Now, in a gripping account of the war that dominated U.S. foreign policy over the last decade, investigative journalist Greg Muttitt takes us behind the scenes to answer some of these questions and reveals the heretofore-untold story of the oil politics that played out through the occupation of Iraq. Drawing upon hundreds of unreleased government documents and extensive interviews with senior American, British, and Iraqi officials, Muttitt exposes the plans and preparations that were in place to shape policies in favor of American and British energy interests. We follow him through a labyrinth of clandestine meetings, reneged promises, and abuses of power; we also see how Iraqis struggled for their own say in their future, in spite of their dysfunctional government and rising levels of violence. Through their stories, we begin to see a very different Iraq from the one our politicians have told us about.

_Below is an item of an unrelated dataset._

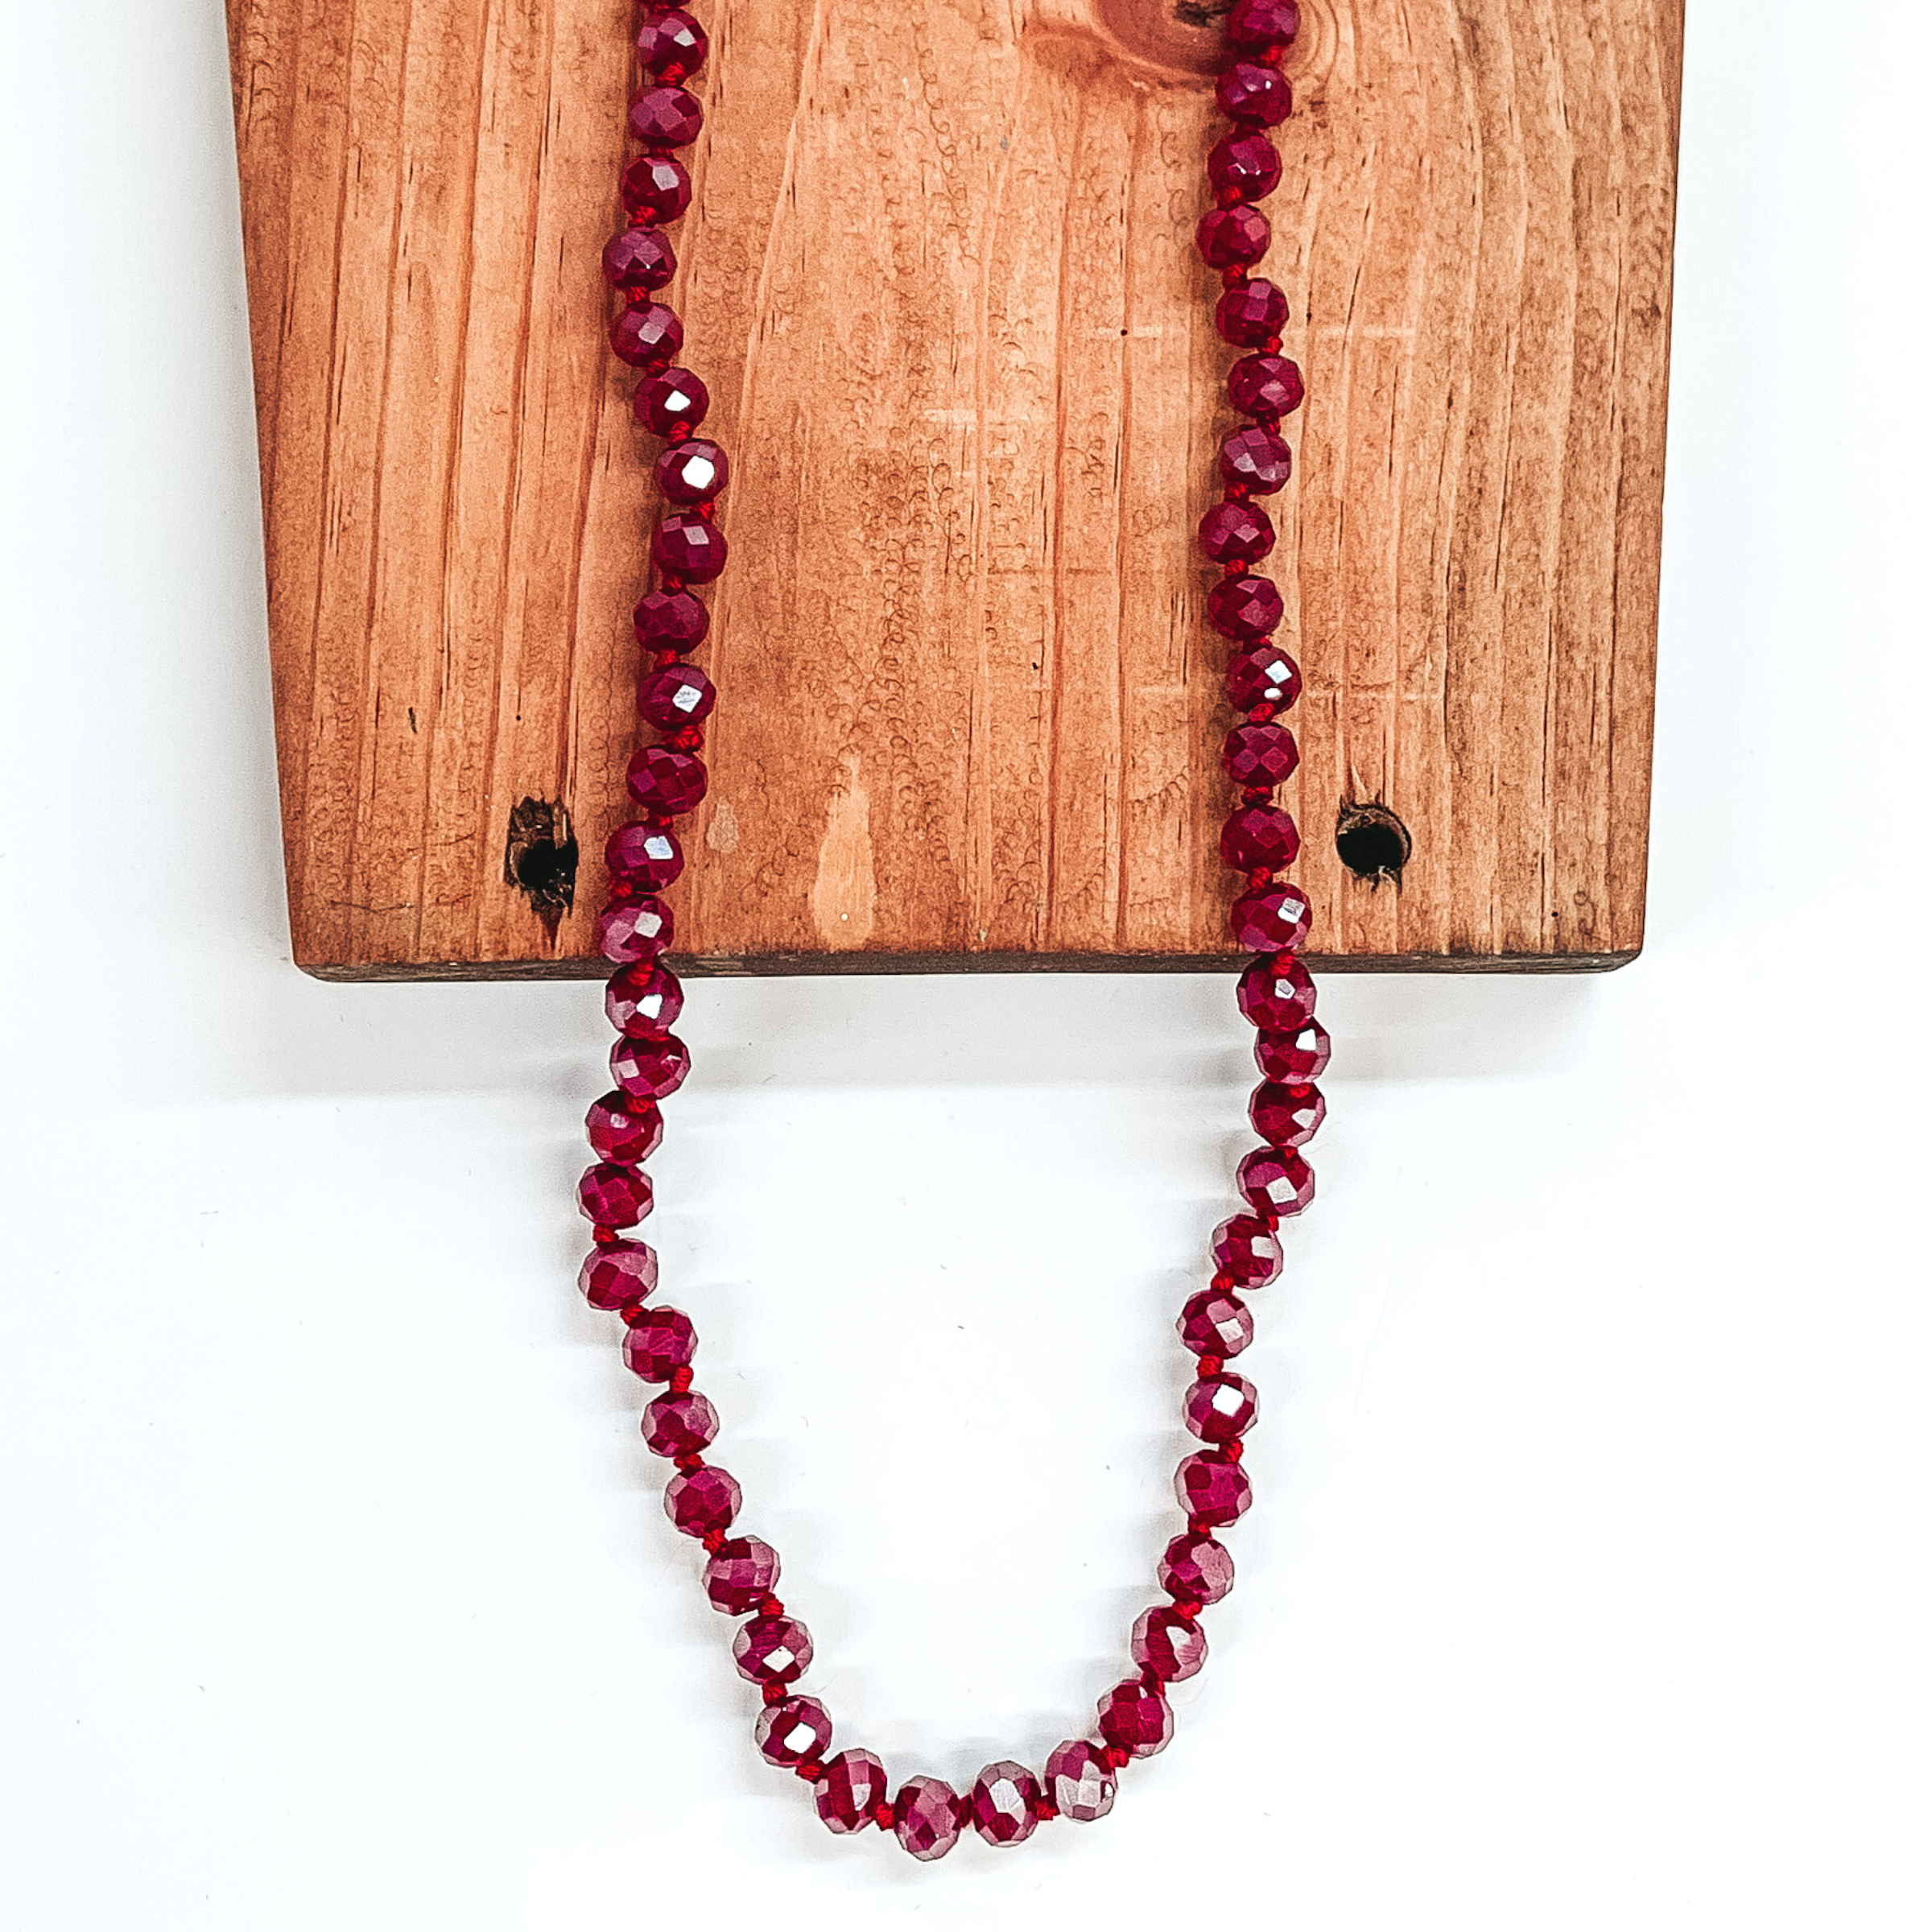 Garnet AB crystal beaded necklace. This necklace is laying on top of a brown block on a white background.

In light of the Arab revolutions, the war in Libya, and renewed threats against Iran, Fuel on the Fire provides a vital guide to the lessons from Iraq and of the global consequences of America's persistent oil addiction.
PUBLISHERS WEEKLY
In this provocative study, journalist and activist Muttitt, former co-director of the London advocacy group Platform and policy director for the antipoverty organization War on Want, weaves a narrative of "how the struggles for control of Iraq's oil shaped events during the occupation." Drawing on U.S. and U.K. government documents obtained under Freedom of Information statutes and interviews with government officials and "ordinary Iraqis," the author claims that U.S. efforts in Iraq were tailored to "help the oil companies" at the expense of Iraqis. To that end, he charges that U.S. policy sowed the seeds of sectarianism among Iraqis an "alien sectarian politics and discourse" that the "Iraqis quickly rejected." Muttitt goes to great length to show that U.S. officials tried to shape a new oil law that favored international companies, although most Iraqis wanted to keep control of the country's oil in the public sector. He also insinuates that Centcom Commander Adm. William Fallon resorted to strong-arm tactics to force Iraqi acquiescence. Whatever its merits and intentions, the American effort to secure an oil law failed. After repeated questioning of U.S. motives, Muttitt concludes that political psychology, not conspiracy, explains the U.S. approach: officials genuinely believed that what is good for America is good for Iraq.